Transcribe word for word each line from the one containing "Das Gemälde ist" to the final line of the data, both included. Skip the pictures.

Information provided:
◇ ◇ ◇

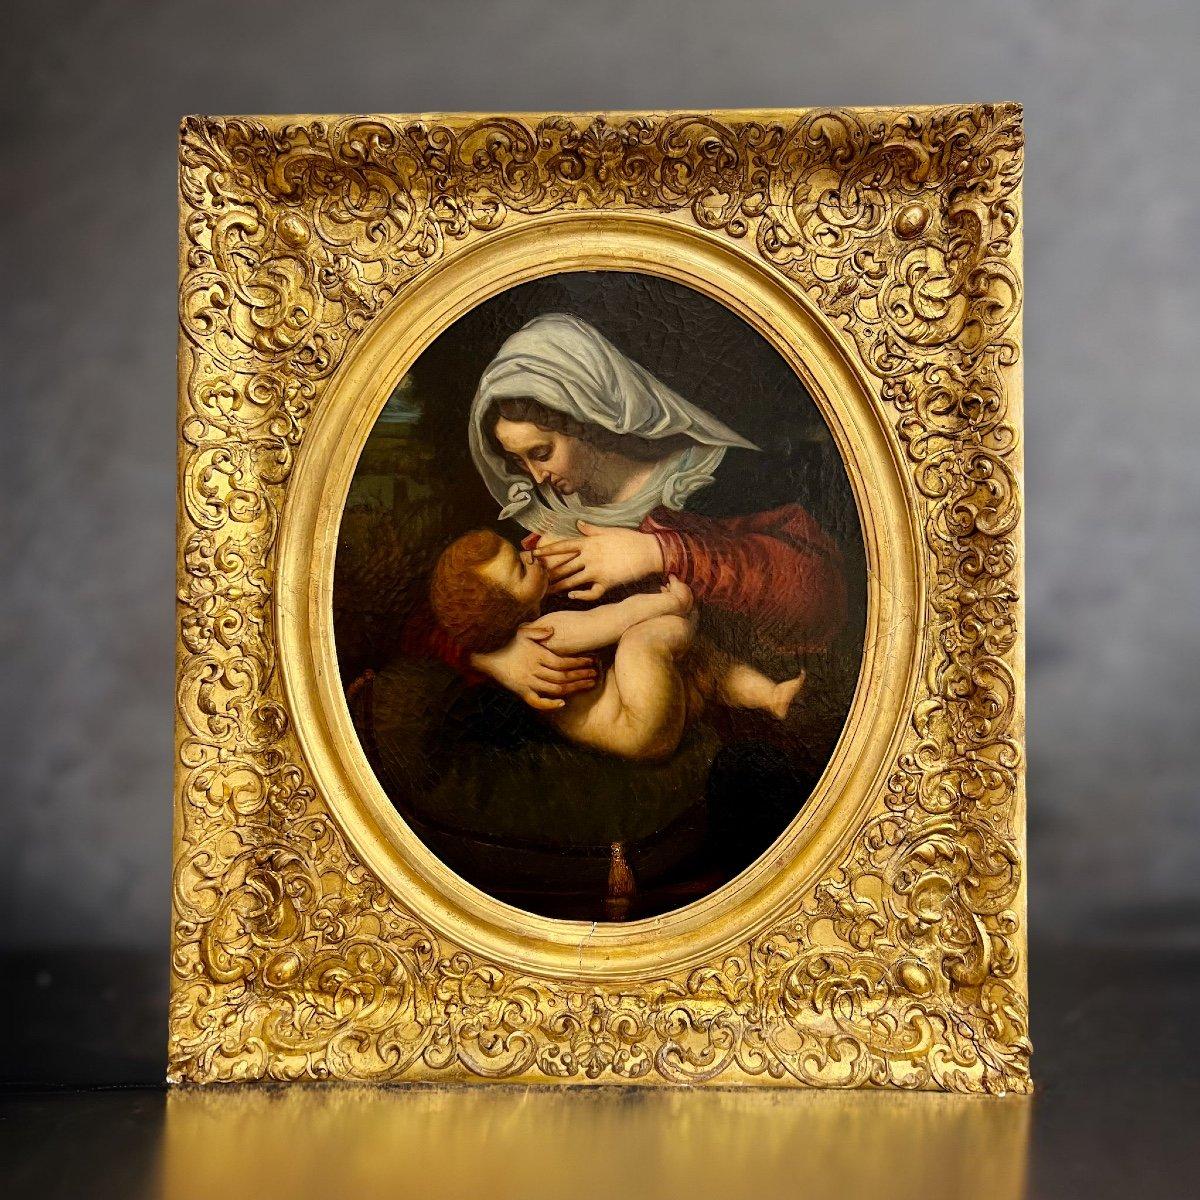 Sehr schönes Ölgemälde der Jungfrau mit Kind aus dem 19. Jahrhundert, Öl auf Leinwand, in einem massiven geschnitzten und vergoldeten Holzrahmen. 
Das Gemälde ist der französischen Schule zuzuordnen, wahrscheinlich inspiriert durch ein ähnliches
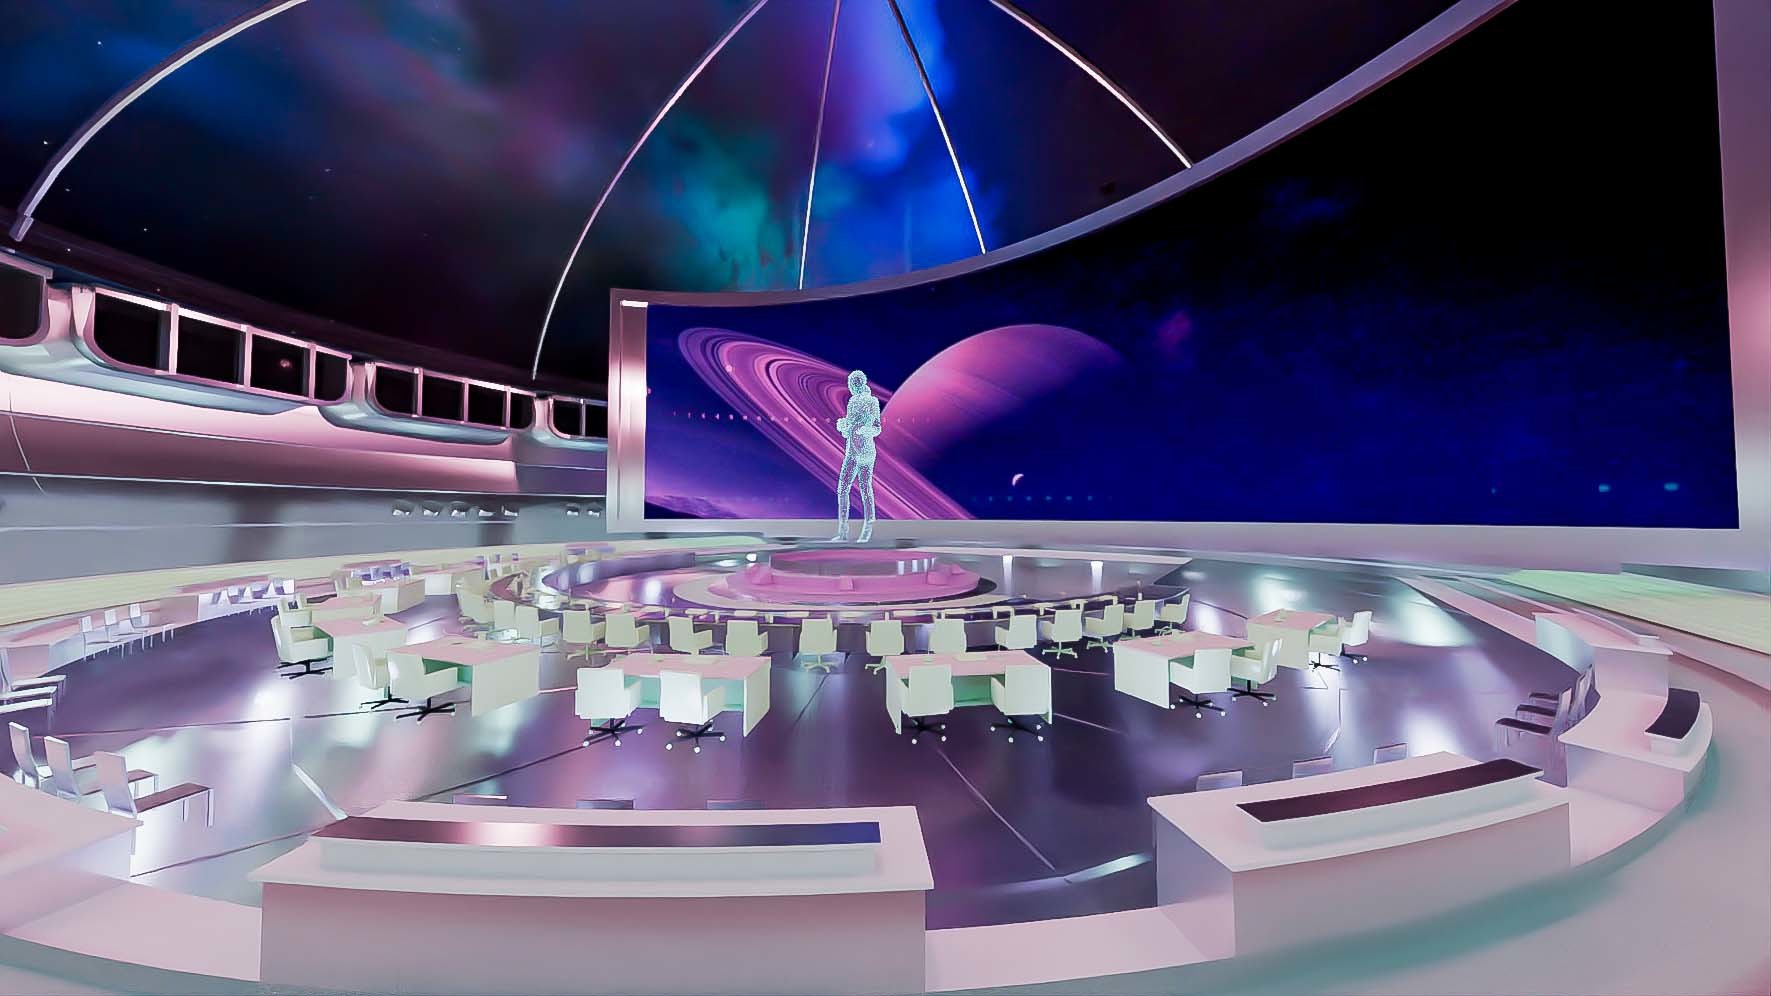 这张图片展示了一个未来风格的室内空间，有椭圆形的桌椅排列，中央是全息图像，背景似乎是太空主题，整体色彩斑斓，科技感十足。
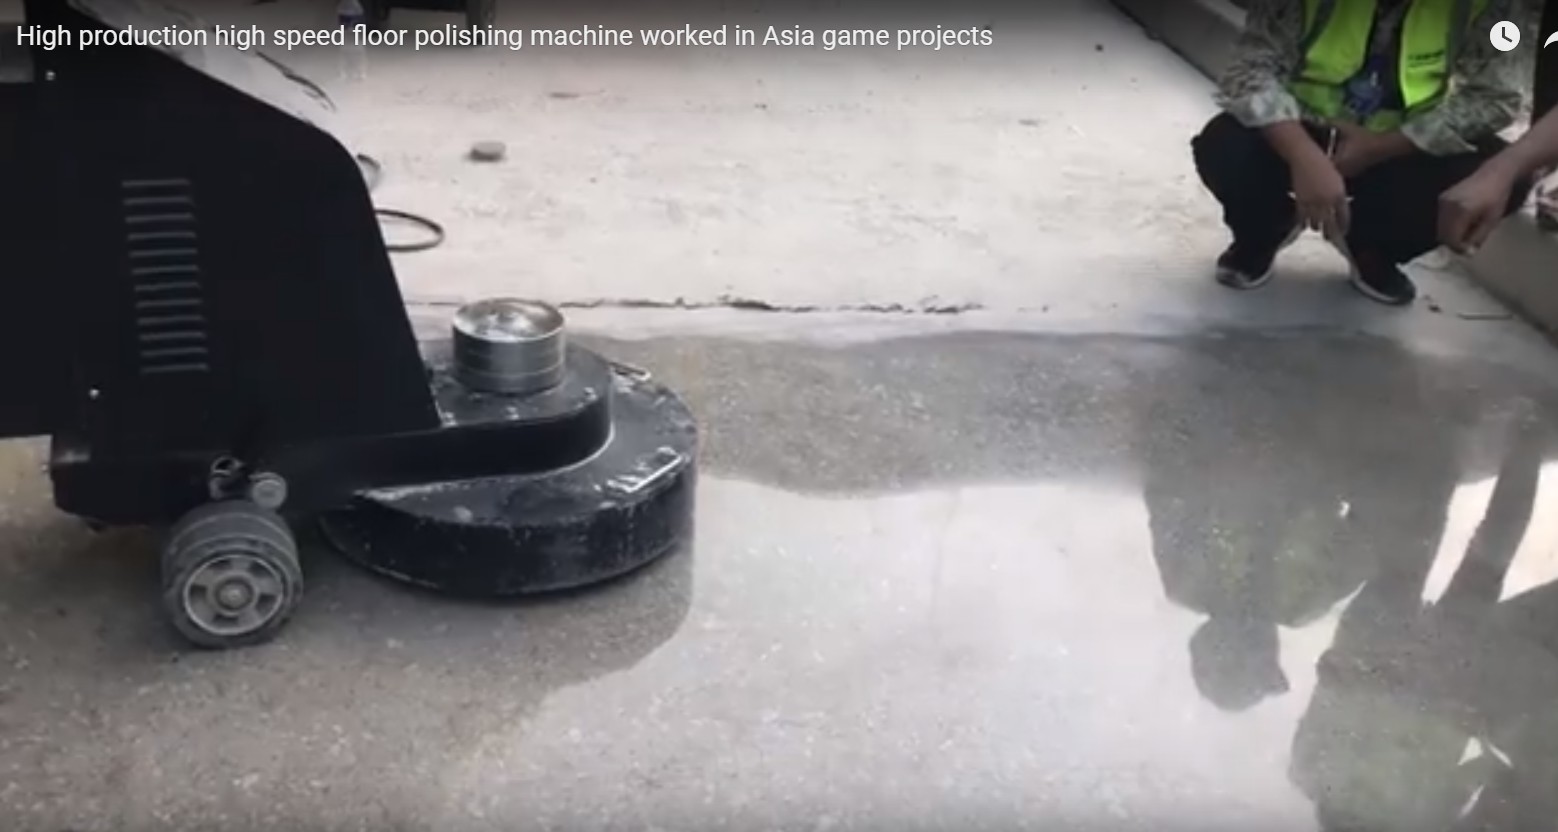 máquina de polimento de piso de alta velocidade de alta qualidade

◇ ◇ ◇

Solved problem:
Das Gemälde ist der französischen Schule zuzuordnen, wahrscheinlich inspiriert durch ein ähnliches
 这张图片展示了一个未来风格的室内空间，有椭圆形的桌椅排列，中央是全息图像，背景似乎是太空主题，整体色彩斑斓，科技感十足。
 máquina de polimento de piso de alta velocidade de alta qualidade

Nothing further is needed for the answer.